Bir varmış, bir yokmuş…
Evvel zaman içinde, çok uzak diyarların birinde, bir kral yaşarmış. Bu kral, bir prensesi öylesine severmiş ki, onunla evlenmeden bir an bile duramazmış. Ne var ki, prenses bir büyü altındaymış ve kimseyle evlenemezmiş.
Bunun üzerine kral, bir peri aramaya çıkmış ve prensesin sevgisini kazanmak için ne yapabileceğini sormuş. Peri, ona şöyle demiş:
“Prensesin çok sevdiği kocaman bir kedisi vardır.

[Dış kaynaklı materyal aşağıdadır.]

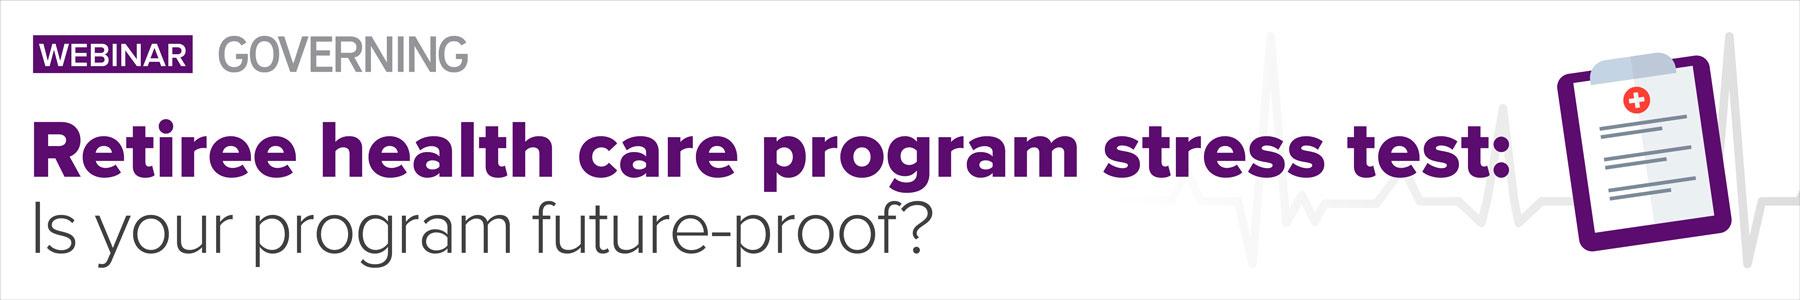 Retiree health care program stress test: Is your program future-proof?
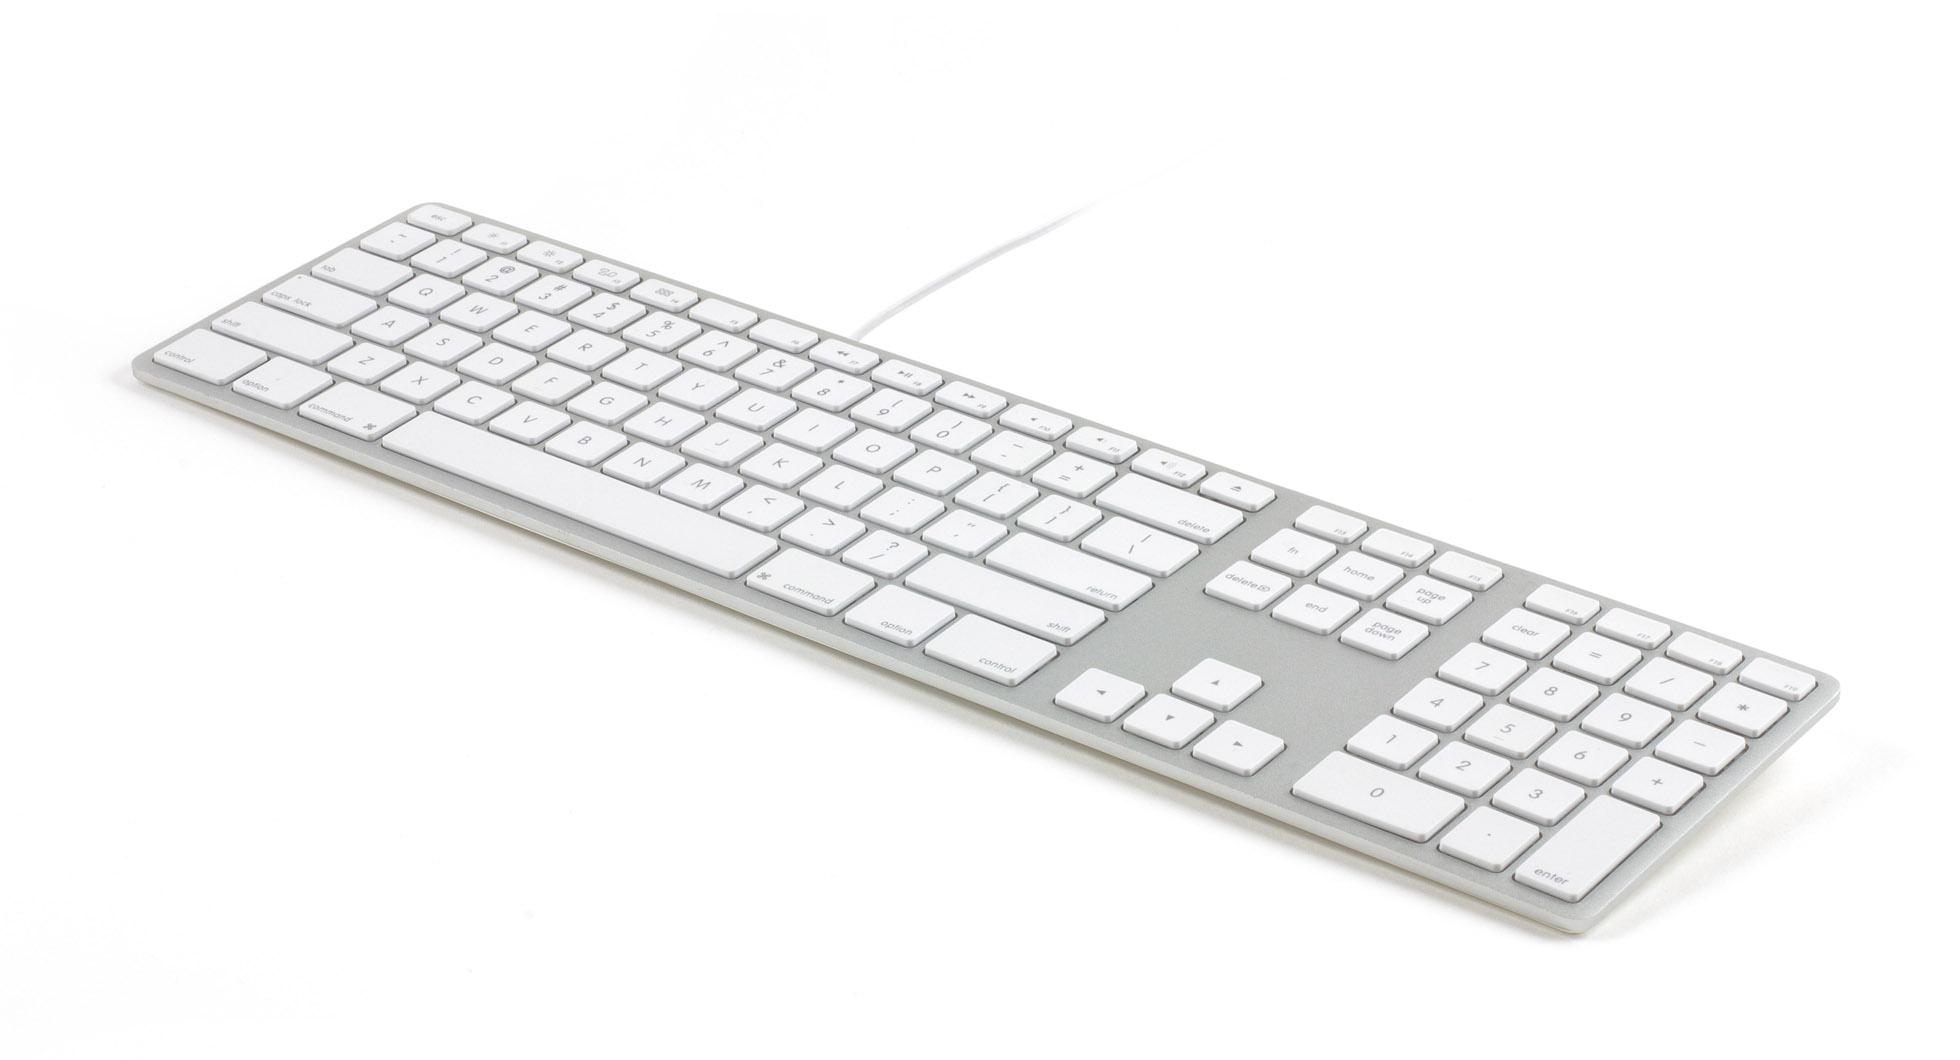 Matias Announces Rgb Backlit Version Of Wired Aluminum

Bu kedinin kuyruğuna basmayı başaran kişi, onunla evlenmeye mukadder olan adamdır.”
Kral bu işin zor olmayacağını düşünmüş ve periyle vedalaşmış; öyle kararlıymış ki, kedinin kuyruğuna basmayı başaramazsa, onu öldürmeye niyetliymiş.
Birkaç gün geçmeden, kral prensesi görmeye gitmiş. Kedi, her zamanki gibi önüne çıkıp sırtını kamburlaştırmış. Kral uzun bir adım atmış ve kuyruğa bastığını sanmış; ama kedi öyle keskin bir dönüş yapmış ki, kral sadece havaya basmış. Bu durum tam sekiz gün böyle sürmüş. Kral artık bu uğursuz kuyruğun içine cıva doldurulmuş olabileceğini düşünmeye başlamış; bir an olsun durmuyormuş.
Nihayet, kral kediyi derin bir uykuda ve kuyruğu rahatça uzanmış halde bulmuş. Hemen, hiç vakit kaybetmeden ayağını üzerine koymuş.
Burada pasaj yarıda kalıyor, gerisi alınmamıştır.